Role in the Media. In 1948 Pius XII directed that a commission for religious and didactic films be organized with O'Connor as president. This commission was replaced in 1952 by the Pontifical Commission for Motion Pictures and extended in 1954 to include radio and television. In 1961 John XXIII, laying down new rules, elevated the Pontifical Commission for Cinema, Radio, and Television to a permanent office of the Roman Curia. Pope Paul VI, at the mandate of the Fathers of Vatican Council II, established the Pontifical Commission for the Media of Social Communications and extended its competency to embrace all media, the press in particular, and appointed to it experts from various countries, including laypersons and members of the press. O'Connor was named president, a position he had held continuously from the inception of the various commissions until his retirement in 1971.

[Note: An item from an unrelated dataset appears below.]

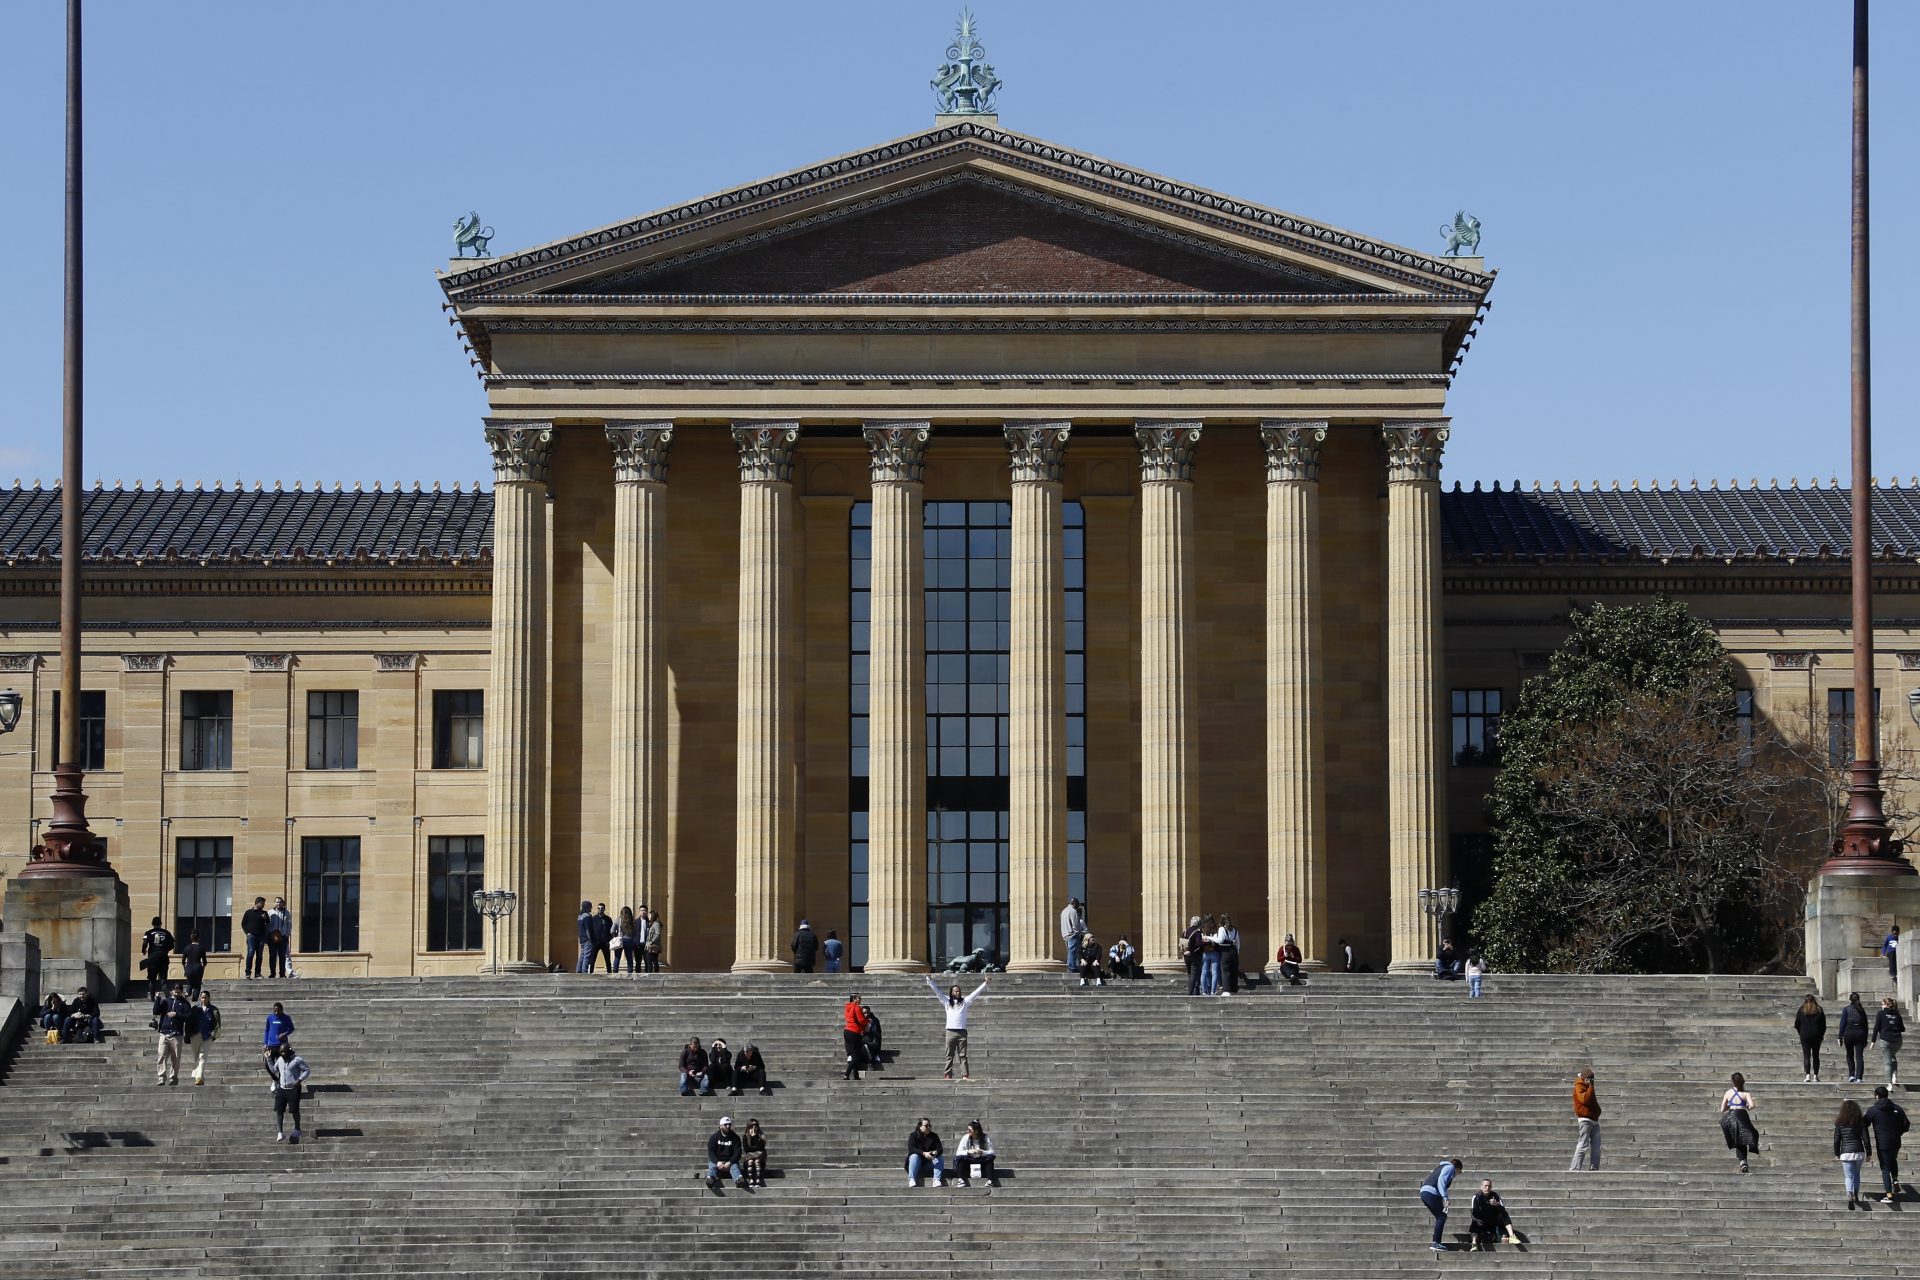 People gather on the steps of The Philadelphia Museum of Art, Sunday, March 15, 2020, in Philadelphia. The museum has temporarily closed due to the COVID-19 pandemic.

On June 5, 1960, John XXIII appointed O'Connor to the General Preparatory Commission for the Second Vatican Council. Ten days later, he appointed him president of the Preparatory Secretariat for Press and Entertainment. The Secretariat was charged with the preparation of a schema on the media of social communications which, after presentation to the Council Fathers and redrafting, was promulgated on Dec. 4, 1963, by a decree of the Council titled Inter mirifica. Paul VI, at the beginning of the second period of the council, appointed O'Connor chairman of the newly formed press committee that oversaw the accreditation of more than two thousand correspondents and the daily publication, in nine languages, of resumes of the council speeches.

O'Connor served as a member of the press committee at the First General Assembly of the Synod of Bishops in 1967. In 1969 Paul VI convoked an Extraordinary Assembly of the Synod of Bishops of which O'Connor was a member. He was appointed to the Second General Assembly in 1971.

Paul VI appointed him nuncio to Malta, a post he held from 1965 to 1969. In 1966 he was appointed vice president of the Post-Conciliar Commission for the Apostolate of the Laity. In 1968 he was named consultor to the Pontifical Commission for Latin America. O'Connor retired in 1971 after having served the Church in Rome during five Pontificates. He returned to the United States in 1979.

Bibliography: v. a. yzermans, American Participation in the Second Vatican Council (New York 1967).